Personal information
- Full name: Robert Matthew Wilson
- Date of birth: 4 October 1945 (age 79)
- Original team(s): Essendon U19s
- Height: 180 cm (5 ft 11 in)
- Weight: 76 kg (168 lb)

Playing career^{1}
- Years: Club / Games (Goals)
- 1966: Essendon / 4 (0)
- ^{1} Playing statistics correct to the end of 1966.

= Bob Wilson (footballer, born 1945) =

Australian rules footballer

Robert Matthew 'Bob' Wilson (born 4 October 1945) is a former Australian rules footballer who played for Essendon in the Victorian Football League (VFL).
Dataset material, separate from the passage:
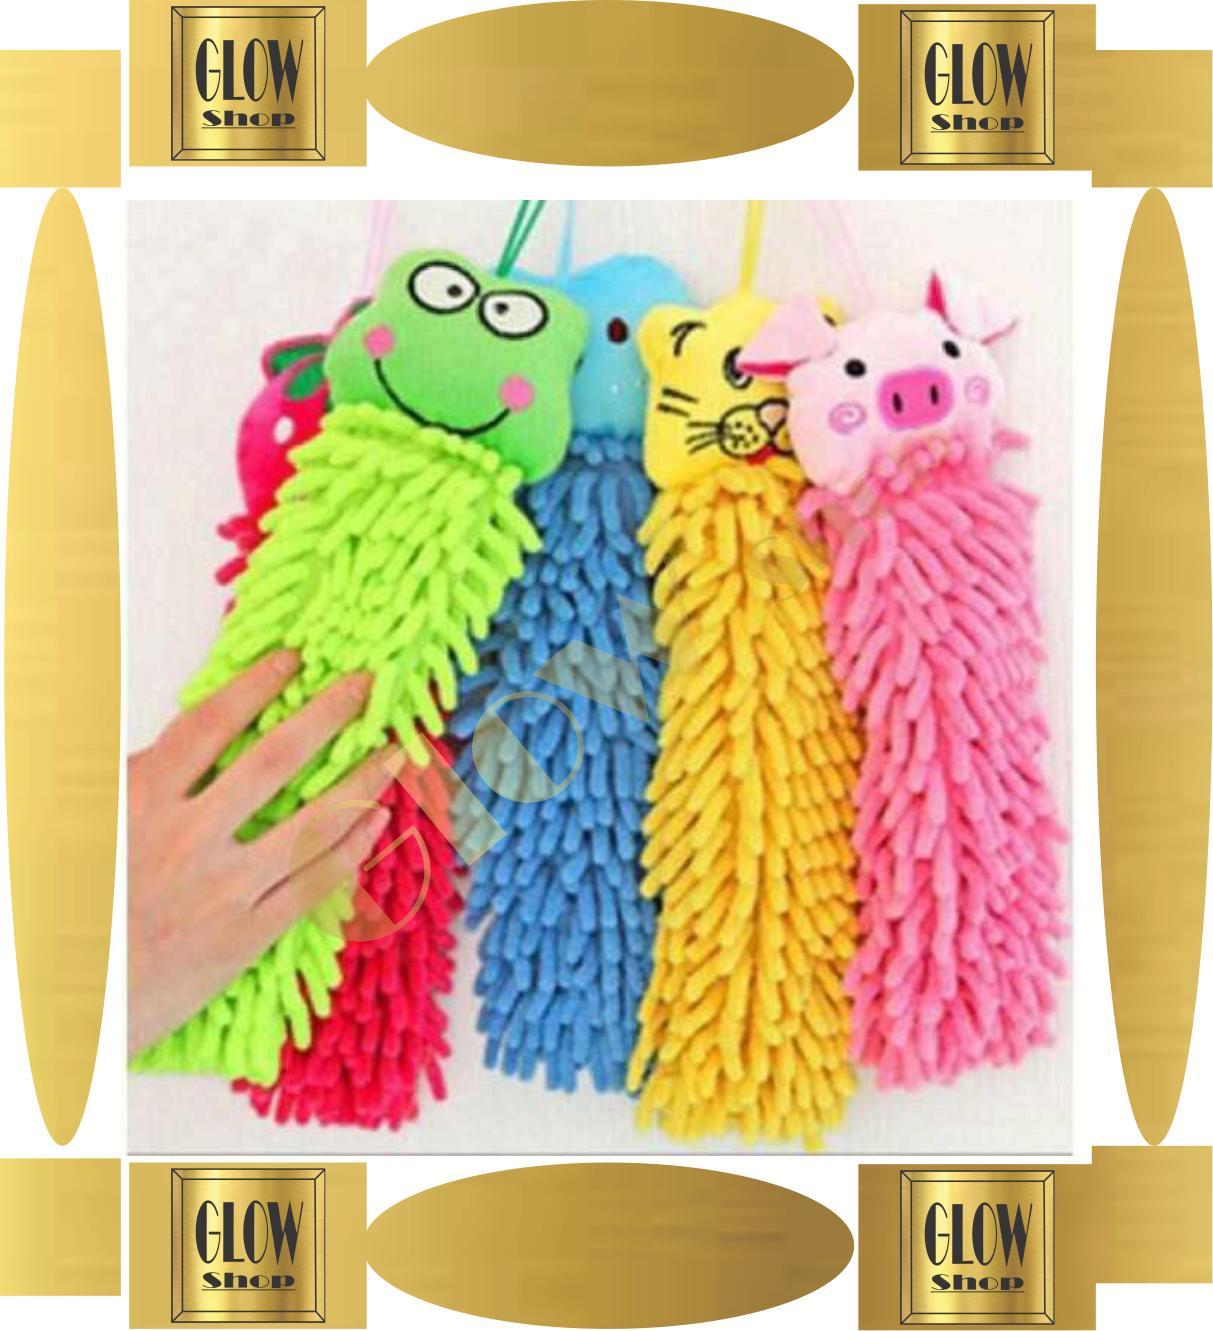 ... Lap Tangan Wastafel Polos Hand Towel Handuk - KuningIDR23850. Rp 27.000
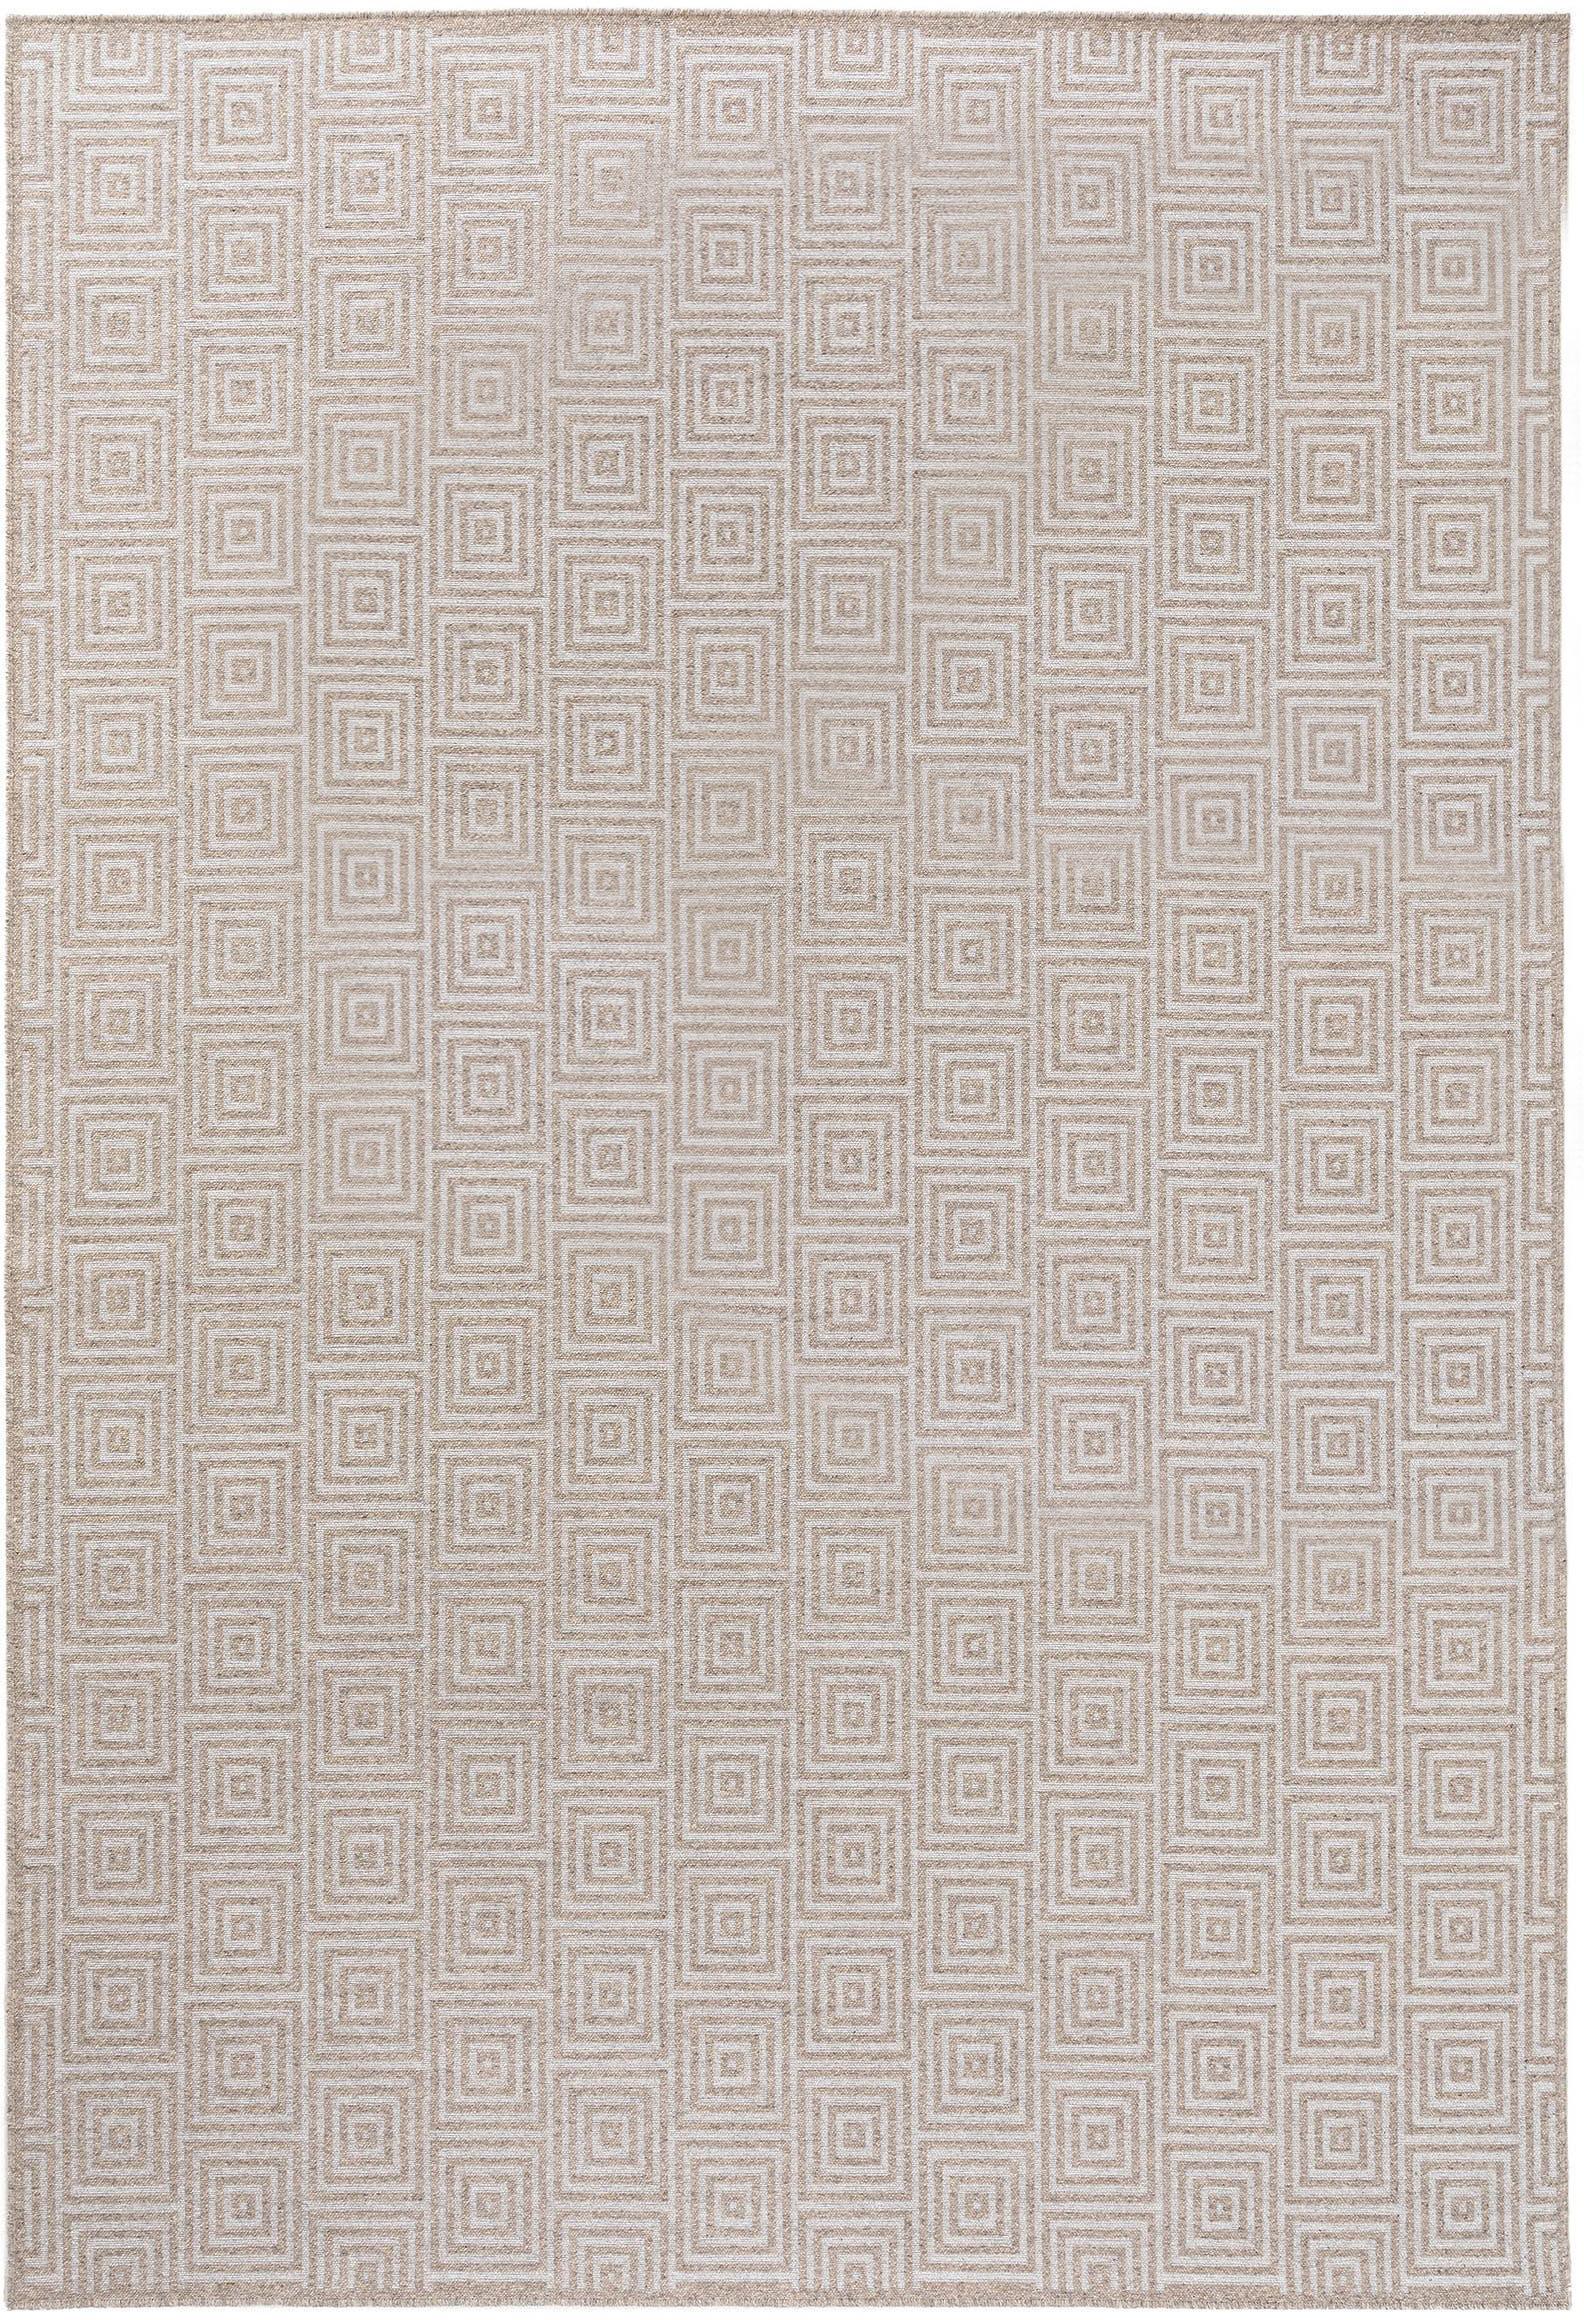 Wollen vloerkleed Jacob met grafisch patroon, 70% wol, 30% viscose, Lichtgrijs, beige, B 120 x L 170 cm (maat S)

Wilson played his early football at the Essendon Under-19s before being loaned to Brunswick in the Victorian Football Association (VFA). He was then returned to Essendon and made his senior debut in 1966. He made four appearances in the 1966 VFL season, all of which Essendon won, but spent most of his time in the reserves where he won their Best and Fairest. Wilson spent the next two seasons back at Brunswick before being appointed captain-coach of Tasmanian club Scottsdale in 1969. He steered the club to three NTFA premierships and to a Tasmanian State Premiership in 1973.

He left Scottsdale after the 1976 season and then captain-coached Ringarooma. He also had a stint as coach of NWFU club Latrobe.